The rc_randomdot is designed for an operating temperature (surrounding environment) of 0 °C to 45 °C and relies on convective (passive) cooling. Unobstructed airflow, especially around the cooling fins, needs to be ensured during use. The rc_randomdot should only be mounted on top of the rc_visard using the provided mechanical mounting interface, and all parts of the housing must remain uncovered. A free space of at least 10 cm extending in all directions from the two devices, and sufficient air exchange with the environment is required to ensure adequate cooling. Cooling fins must be free of dirt and other contamination.

The housing temperature depends on the exposure time, exposure mode, sensor orientation, and surrounding environmental temperatures. When the projector’s power LED temperature exceeds 75°C (corresponding to a housing temperature of approximately 60°C), the LED at the front will turn red.

Power-supply specifications

The rc_randomdot needs to be supplied by a DC voltage source and will in turn power a connected rc_visard. The rc_randomdot’s standard package doesn’t include a DC power supply. The power supply contained in the connectivity kit may be used for initial setup. For permanent installation, it is the customer’s responsibility to provide suitable DC power. Each rc_randomdot and rc_visard pair must be connected to a separate power supply. Connection to domestic grid power is only allowed through a power supply according EN 62368-1.

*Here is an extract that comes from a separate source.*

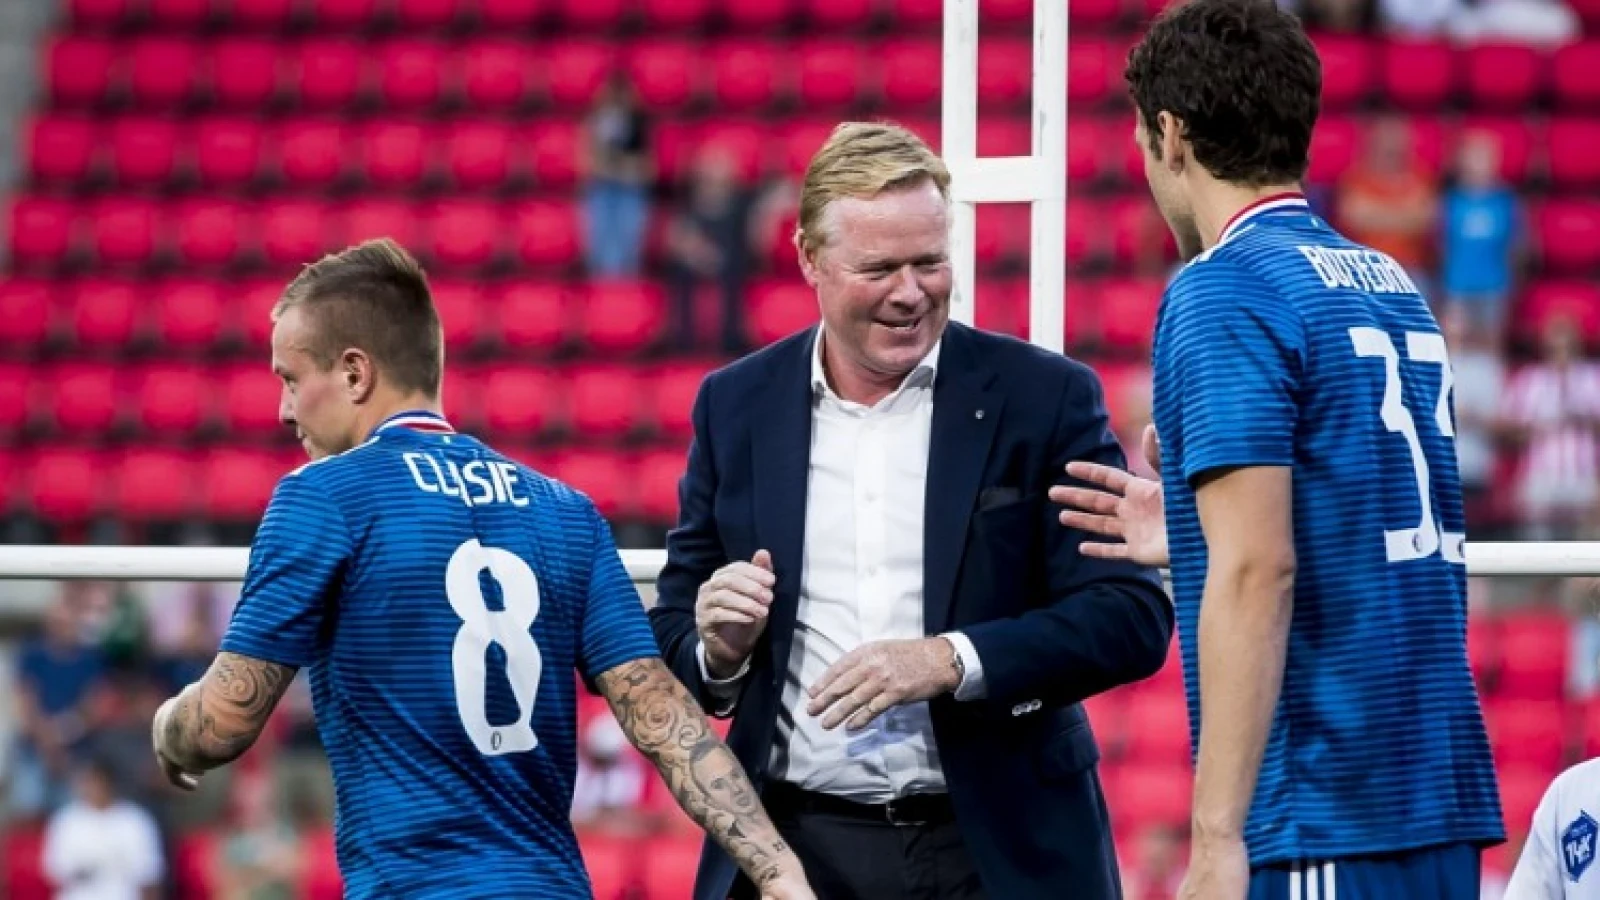 Koeman keihard tegen Feyenoorder: 'Realiseer je dat we je gewoon kunnen terugsturen'

Table 3 Absolute maximum ratings for power supply
  Min Nominal Max
Supply voltage 22.0 V 24 V 29.0 V
Max power consumption     40 W
Max power consumption during exposure incl. rc_visard     65 W
Overcurrent protection Supply must be fuse-protected to a maximum of 2 A
Standards compliance see Electronical and safety standards


Exceeding maximum power rating values may lead to damage to the rc_randomdot, rc_visard, power supply, and connected equipment.


A separate power supply must power each rc_randomdot and rc_visard pair.

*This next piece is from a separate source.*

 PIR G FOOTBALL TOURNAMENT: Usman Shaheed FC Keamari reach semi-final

Connection to domestic grid power is allowed through a power supply certified according to EN 62368 and as EN55011 Class B only.


Only a 30 cm cable connecting the rc_randomdot to the rc_visard is supplied with the standard package. It is the customer’s responsibility to obtain the proper cabling for connecting the rc_randomdot to power. A suggestion of components can be found in Accessories .

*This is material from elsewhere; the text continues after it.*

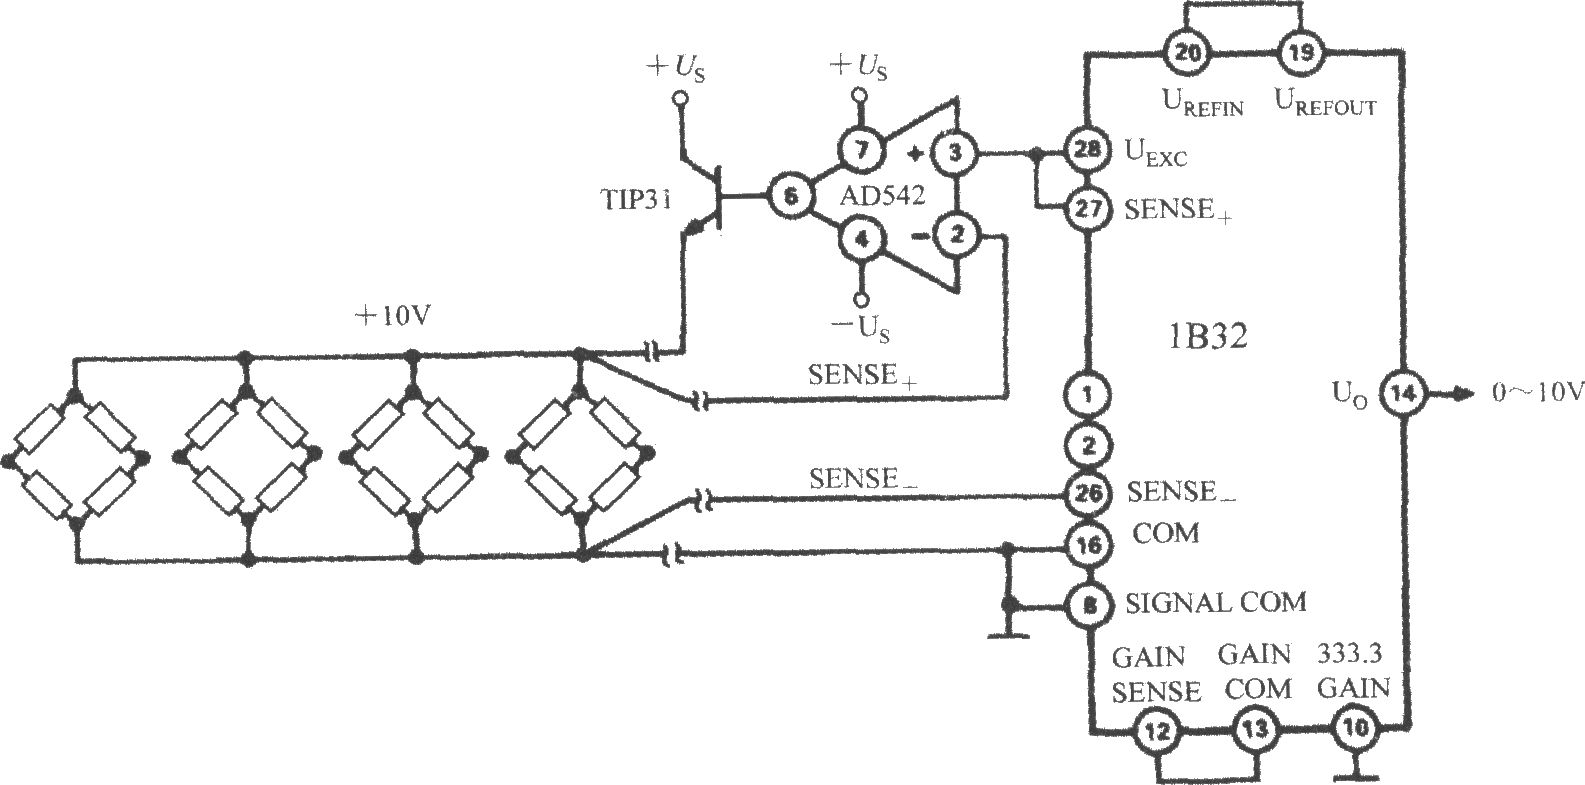 桥式传感器信号调理器1B32配多路压力传感器时的应用电路

Proper cable management is mandatory. Cabling must always be secured to the rc_visard and rc_randomdot base with a strain-relief clamp so that no forces due to cable movements are exerted on the devices’ M12 connectors. In robotic applications, enough slack needs to be provided to allow for full range of movement of the rc_visard and rc_randomdot without straining the cables. The cables’ minimum bend radii need to be observed.

The rc_randomdot provides an industrial 8-pin A-coded M12 plug connector for power and GPIO connectivity and an 8-pin A-coded M12 socket connector for connectivity to the rc_visard. Both connectors are located on the left side of the rc_randomdot as indicated in Fig. 2. Type and orientation of the connectors is shown in Fig. 4.

Connectors are rotated so that standard 90° angled connectors will exit horizontally, towards the back of the projector.

The power supply must be connected to the top (plug) M12 connector of the rc_randomdot. Make sure to check the polarity of your power supply as reverse polarity will damage the rc_randomdot. The bottom (socket) M12 connector is connected to the bottom M12 connector of the rc_visard with the supplied 30 cm M12 shielded cable.


Fig. 4 Pin positions for Power IN/GPIO (top) and rc_visard (bottom) connector

Pin assignments for the Power IN connector are given in Table 4.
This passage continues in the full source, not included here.